ArtsAutosBooksBusinessEducationEntertainmentFamilyFashionFoodGamesGenderHealthHolidaysHomeHubPagesPersonal FinancePetsPoliticsReligionSportsTechnologyTravel

What It Means for Christians to Be Legalistic

Updated on January 26, 2020
revmjm profile image

Rev. Margaret Minnicks is an ordained Bible teacher. She writes many articles that are Bible lessons.

Many Christians today are legalistic, but they don't have to be. That might not be the term by which they describe themselves even though they do many things that are according to the letter of the law instead of according to the spirit. The people in the Old Testament were taught to live by 613 laws.

Jesus taught in the New Testament that we should live by only two laws found in Matthew 22:37-40.

"Jesus replied: “‘Love the Lord your God with all your heart and with all your soul and with all your mind. This is the first and greatest commandment. And the second is like it: ‘Love your neighbor as yourself. All the Law and the Prophets hang on these two commandments.”

So, isn't it easier to live by two laws instead of by 613? Besides, the Holy Spirit helps us live by those two principles.

Legalism: Definition

Legalism is a strict adherence to laws. Biblical legalism is living by the letter of the law rather than by the spirit. People who are legalistic are those who believe salvation is earned through good works. They believe they are blessed only when they do something that deserves a blessing. They are misled to believe that God's love for them is based on them having to follow certain rules and regulations of their local assembly.
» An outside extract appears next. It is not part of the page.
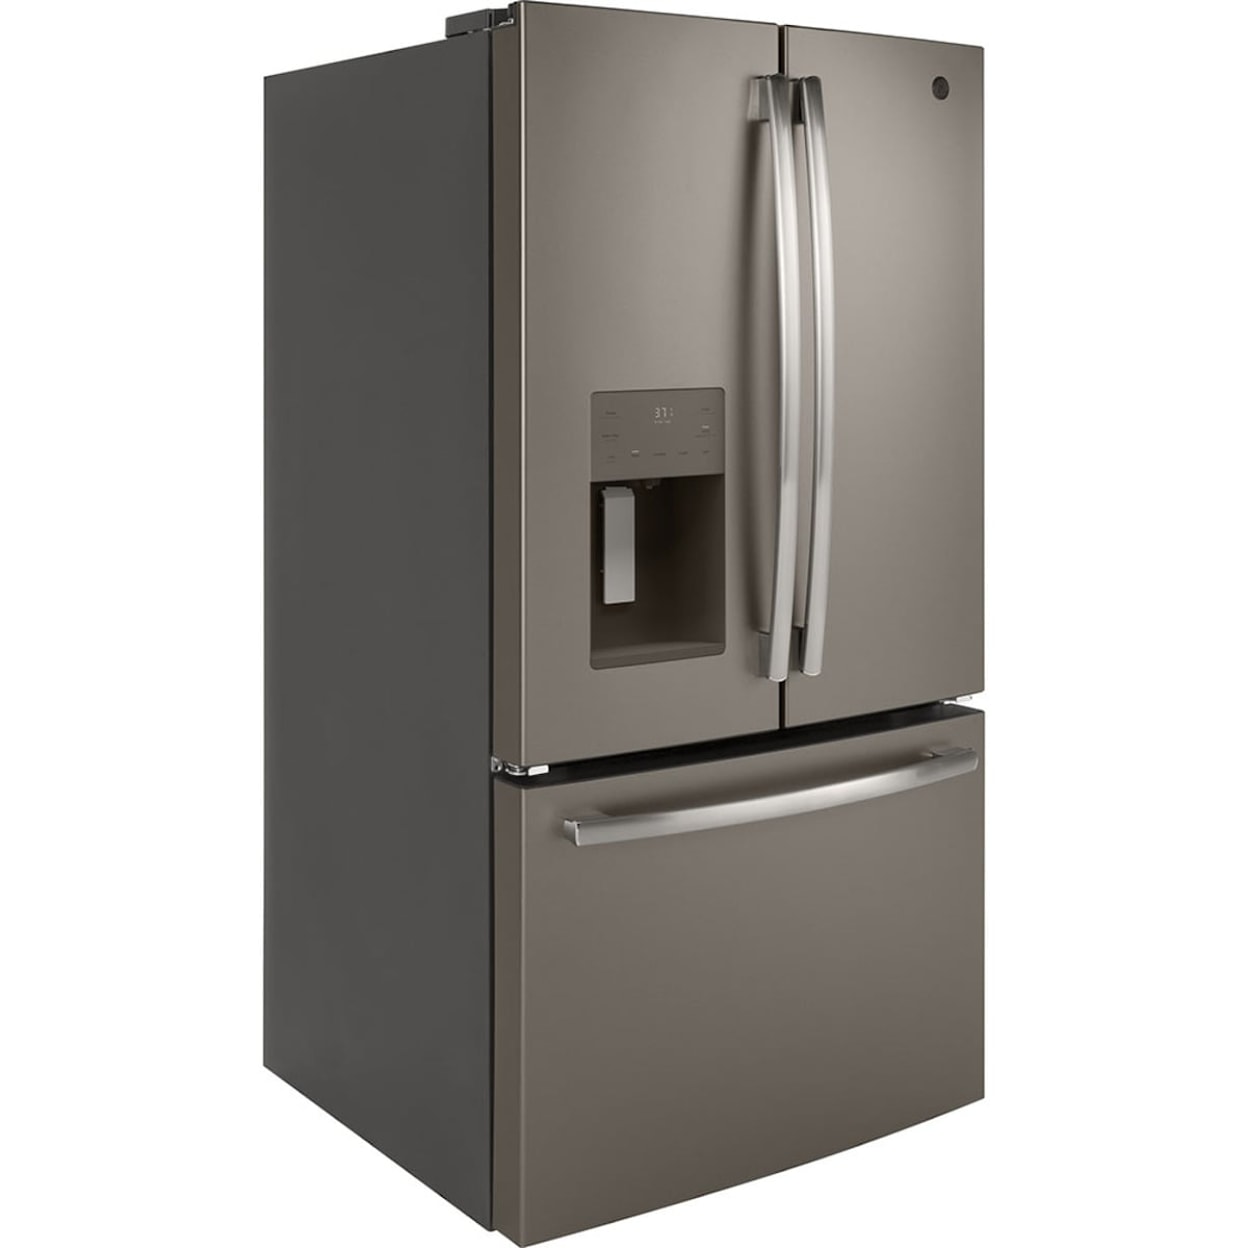 GE Appliances Refridgerators French Door Refrigerator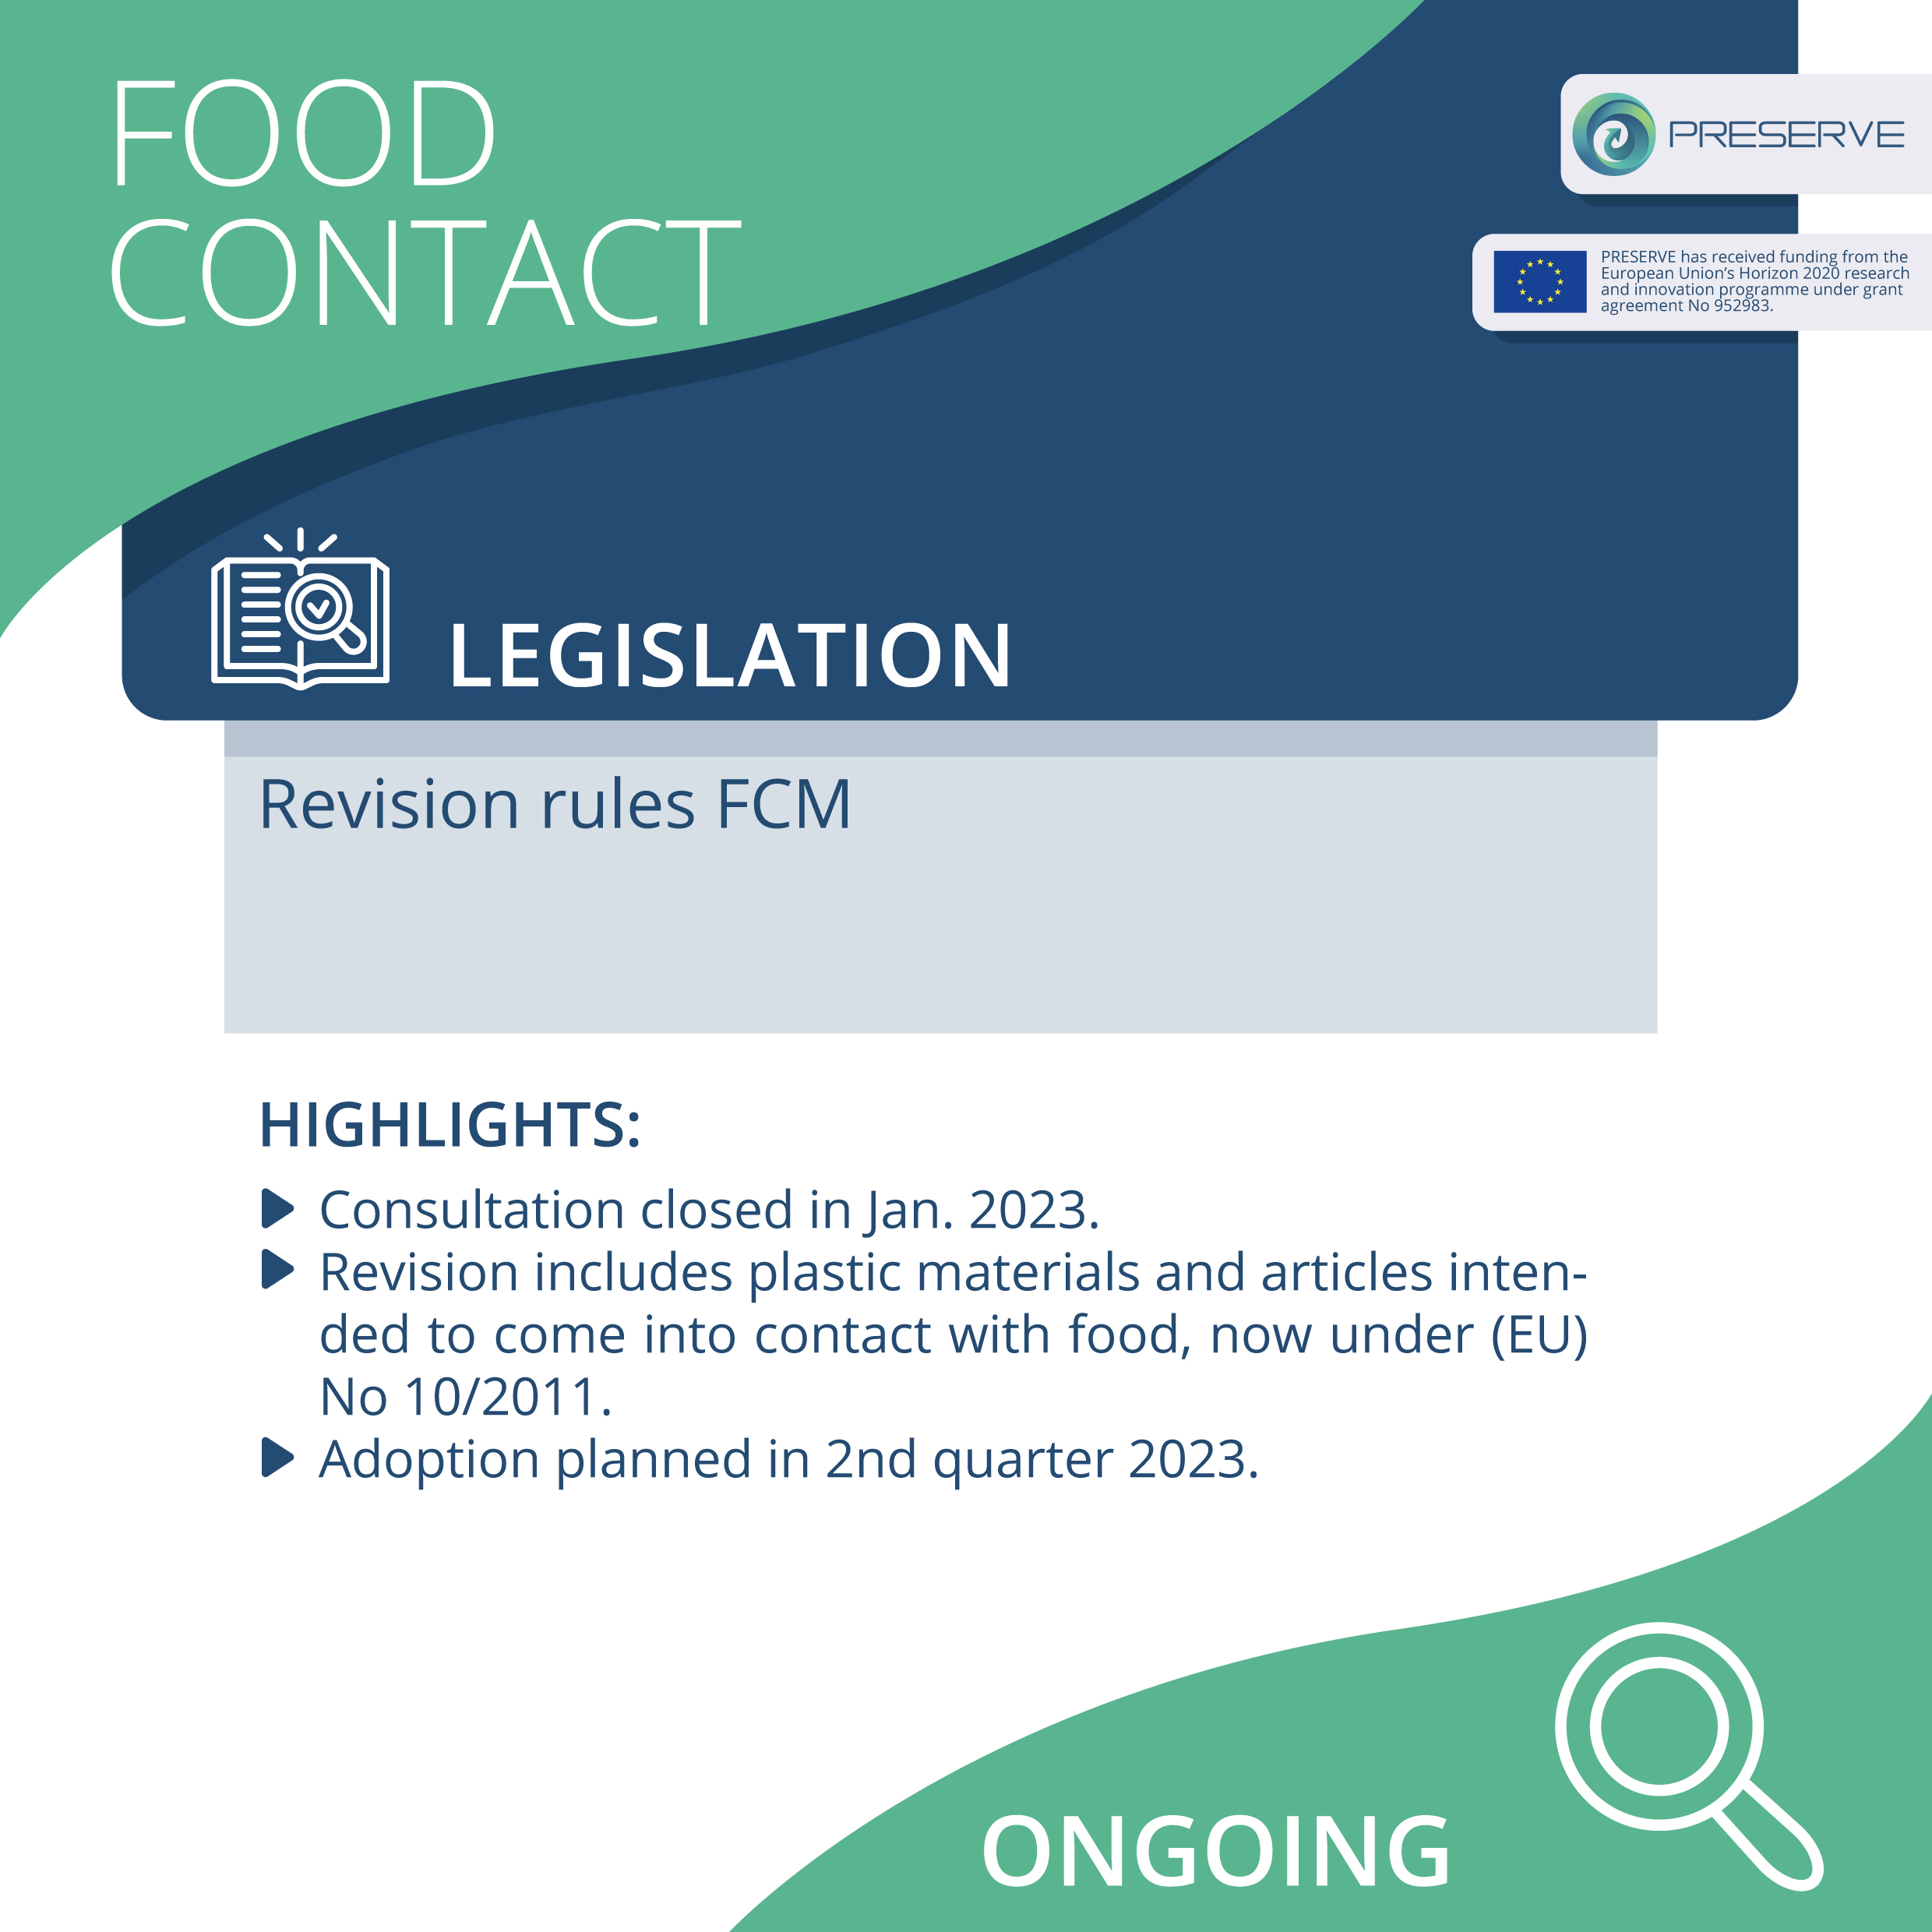 Food contact legislation and PRESERVE 2

Legalism is putting laws above the gospel of the saving power of Jesus Christ. According to the Encyclopedia of Christianity in the United States, legalism is defined as having the belief that we must follow certain rules and do certain things in order to be saved and to maintain right standing with God. In other words, we must perform some deeds in order to gain salvation rather than believing that salvation is free to humanity because Jesus paid our debt on the cross. According to Ephesians 2:8-9, "For it is by grace you have been saved, through faith and this is not from yourselves, it is the gift of God and not by works."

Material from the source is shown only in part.